Here are all the attributes you can put in the metasection for a page or the site that have special meaning. (Of course, you can put your own attributes in for notes or metadata to be used by your own templates.)

# Any line in the metasection that starts with an octothorpe (number symbol)
# will be considered a comment and ignored.

# Attributes in the global index.* file

# The title for your entire documentation project. (Shows in the title of CHMs.)
# Defaults to "Table of Contents"
title: FrobozzCo Reference Manual

# The page to show when the documentation opens, specified by exact title.
# Defaults to first page in the Table of Contents.
default: Welcome to FrobozzCo

# Name of the company (shown in the footer of the default `top.haml`).
# Defaults to nothing (not shown).
company: Froboz Widgets (a FrobozzCo subsidiary)

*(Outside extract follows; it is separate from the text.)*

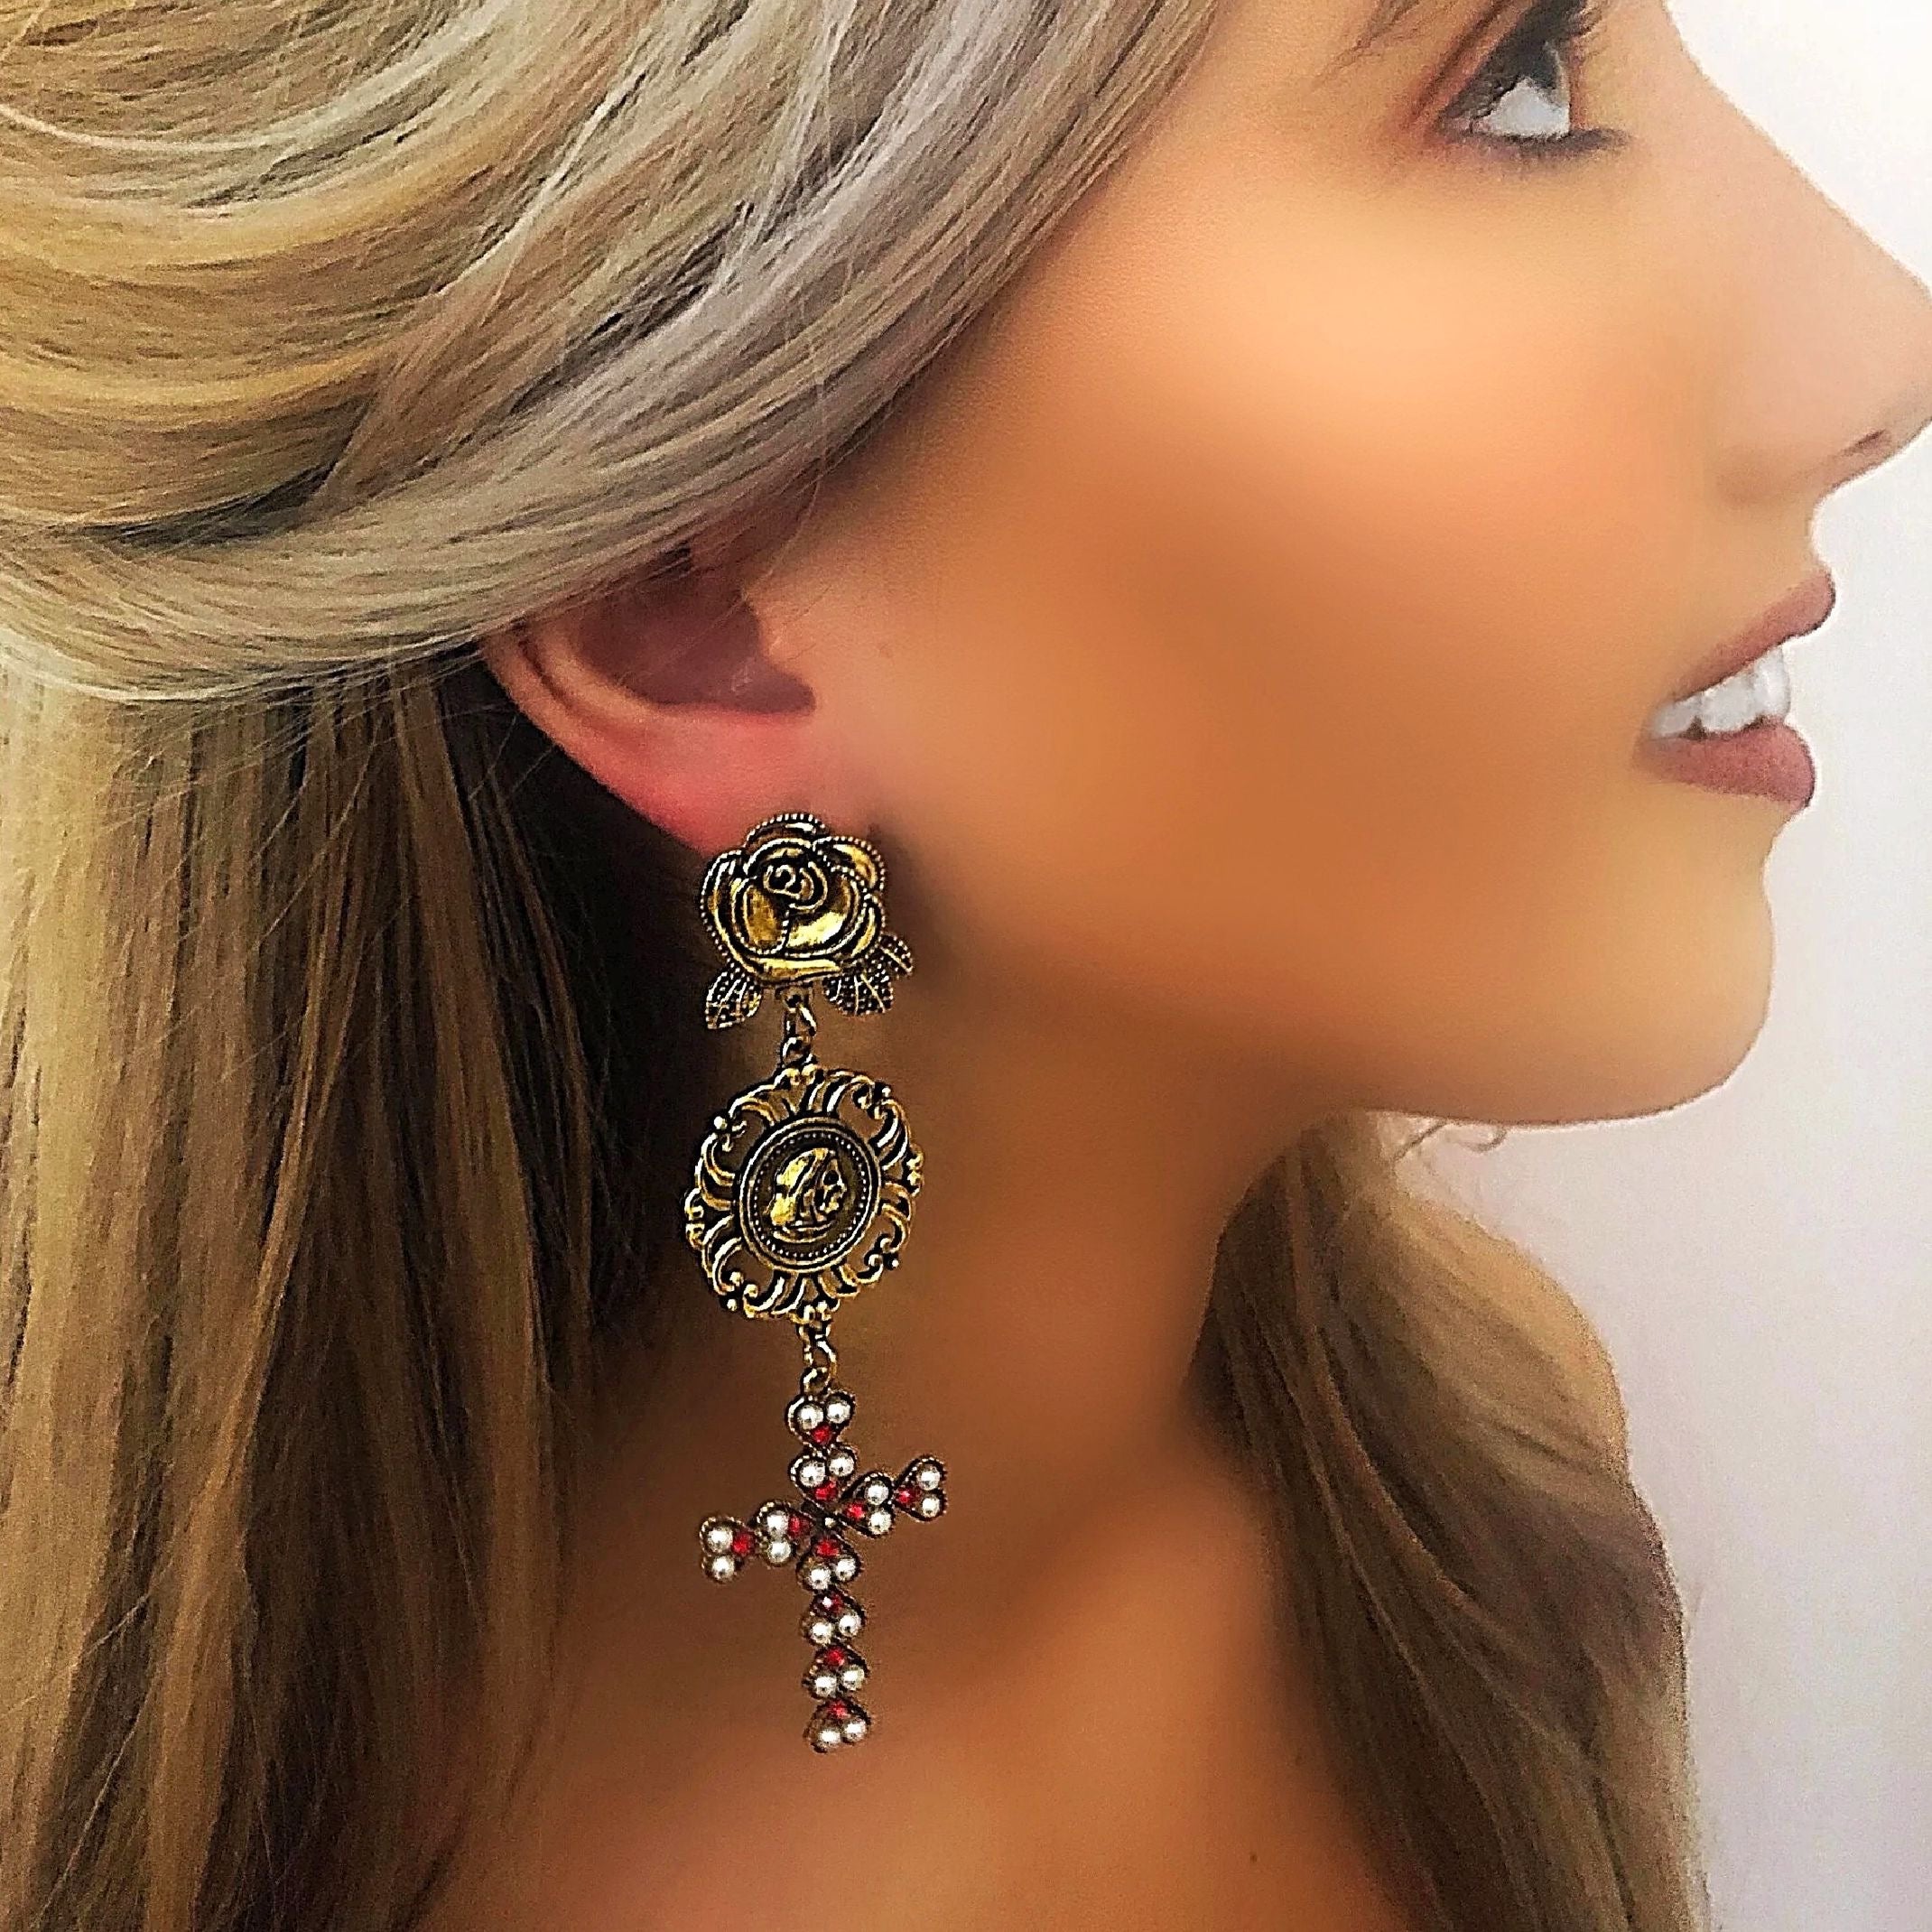 Gothic cross earrings

# Glob patterns describing files (including page sources) to ignore.
# Ignoring a page does more than hide it; it doesn't generate it.
# Defaults to including every file.
ignore: **/*.psd **/.DS_Store **/Thumbs.db **/.[^.$]*

# Attributes at the top of any page

# The title for this page (or section for an index.* file in a folder).
# Defaults to the name of the file with underscores made into spaces
# and leading digits removed.
title: Welcome to FrobozzCo

# Create one or more entries in the Index pointing to this page.
keywords: Introduction, Overview, Tool Panel

# Do not create additional Index entries for headings and/or definition titles.
# Defaults to add both headings and definition titles to the Index.
no-index: headings definitions

# Do not wrap the 'children' of headers in <div class='section'>...</div>
# Default: true
auto-section: false

# Create sub-entries of this page in the Table of Contents, linking to specific
# HTML elements based on their id attribute. The title of the entry will be the
# text in the HTML element.
toc: #intro, #getting.started, #more-information

# Create sub-entries of this page in the Table of Contents, linking to specific
# HTML elements based on the exact text in the element. This only works for the
# following HTML elements: <h1>-<h6>, <legend>, <caption>, <dt>
# Requires two or more elements to be specified, separated by commas.
toc: "Introduction to FrobozzCo", "Getting Started with Widgets", "For More Info..."

# Generate HTML ids for the following elements: <h1>-<h6>, <legend>, <caption>, <dt>
# The id created for "<h2>1.2 Awesome & Sauce: more (and stuff)</h2>" will be:
# <h2 id='Awesome-Sauce:-more-and-stuff'>...
# Defaults to false unless the toc attribute is trying to link to text.
auto-id: true

# For pages/sections, hide the item from the Table of Contents (can still link to it).
# For glossary entries, hide the glossary entry (not even defined on pages).
# Default: false (show the item)
hide: true

# Prevent this page from being included in the TOC or contents.
# Useful for when a page is planned and in source control but not ready yet.
skip: true

# Disable syntax highlighting of code blocks on this page.
highlight: off

Additional Planned Features

  • Additional Markups (e.g. RDoc)
  • Customizing TOC Icons (via nice names, not just indexes)
  • Additional output formats (single-page HTML, single PDF)
  • Doxygen integration
  • Qt Assistant


Docubot is released under the MIT License. Please see LICENSE.txt for details.